Из полковых денег, которые они поделили, у каждого осталось франков по двести.
— Деньги?! — воскликнул Морис. — Да ведь тебе они нужней, чем мне: у меня обе ноги целы! На возвращение в Париж мне двухсот франков хватит, а погибнуть там можно бесплатно… Ну, до свидания, дружище, и спасибо за все разумное и хорошее, что ты для меня сделал: если бы не ты, я, наверно, уже валялся где-нибудь в поле, как дохлый пес!
Жан прервал его движением руки:
— Ты мне ничего не должен, мы квиты! Не унеси ты меня в тот раз на спине, меня бы схватили пруссаки. Да еще вчера ты вырвал меня из их лап… Ты заплатил вдвойне; теперь мой черед отдать за тебя жизнь… Как я буду тревожиться, когда ты уедешь!

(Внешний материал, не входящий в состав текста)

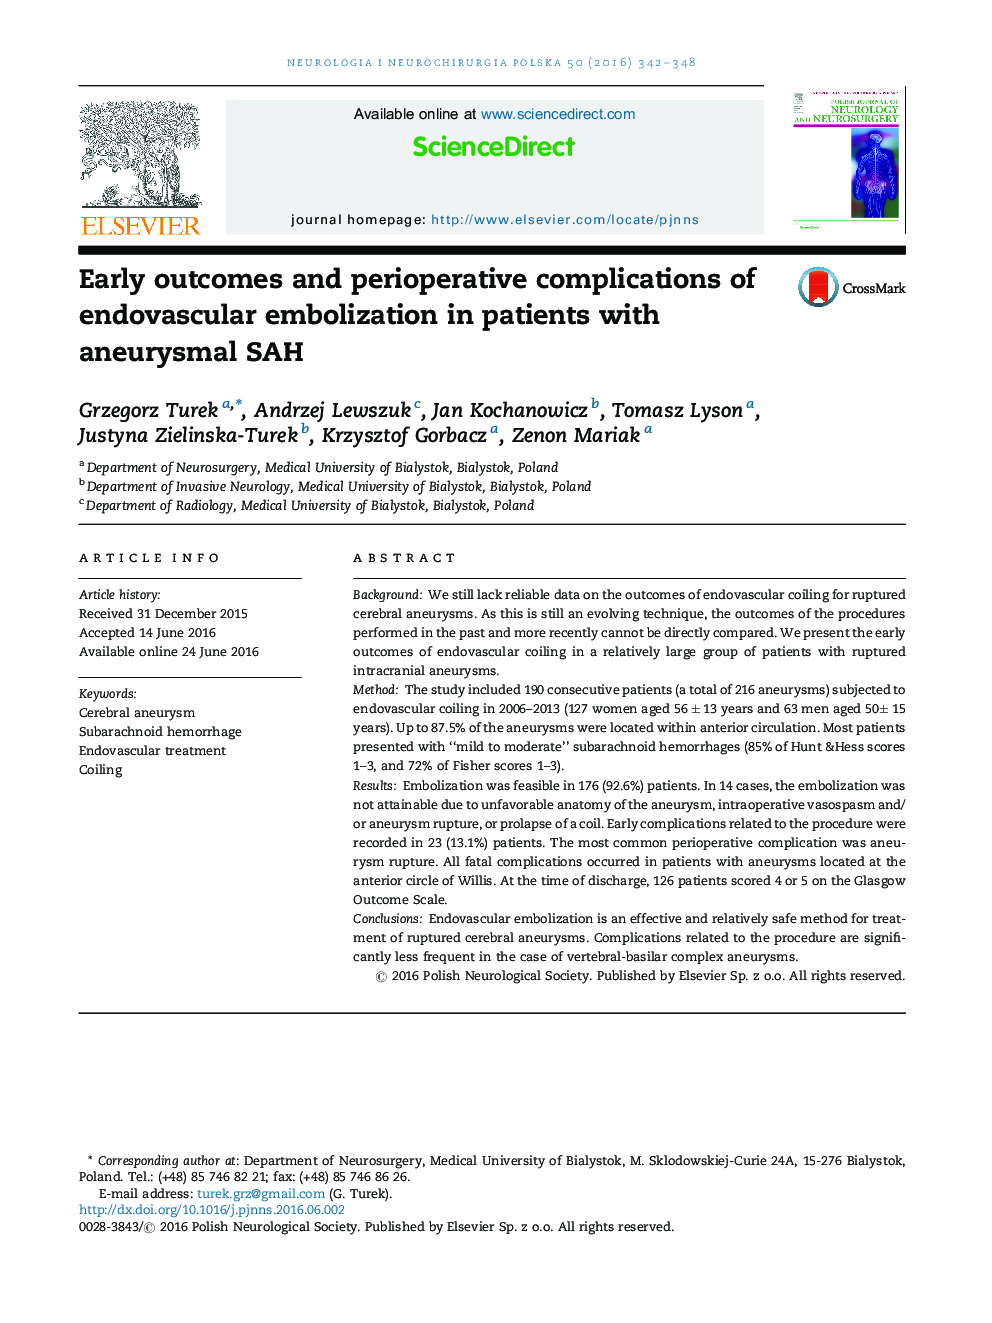 Early outcomes and perioperative complications of endovascular embolization in patients with aneurysmal SAH

Голос его задрожал, на глазах выступили слезы.
— Поцелуй меня, голубчик!
Они поцеловались, и, как накануне, в этом поцелуе было чувство братства, возникшее в эти недели совместной героической жизни среди опасностей, которые объединили их тесней, чем целые годы обычной дружбы. Дни без хлеба, ночи без сна, чудовищные мытарства, вечная близость смерти — все воплотилось в их нежности. Разве могут когда-нибудь разъединиться два сердца, слитые воедино самопожертвованием? Но в поцелуе, которым они обменялись в лесной темноте, была новая надежда на спасение, а теперь в этом прощальном поцелуе было томление разлуки. Увидятся ли они еще когда-нибудь? И как? При каких обстоятельствах? Печальных или радостных?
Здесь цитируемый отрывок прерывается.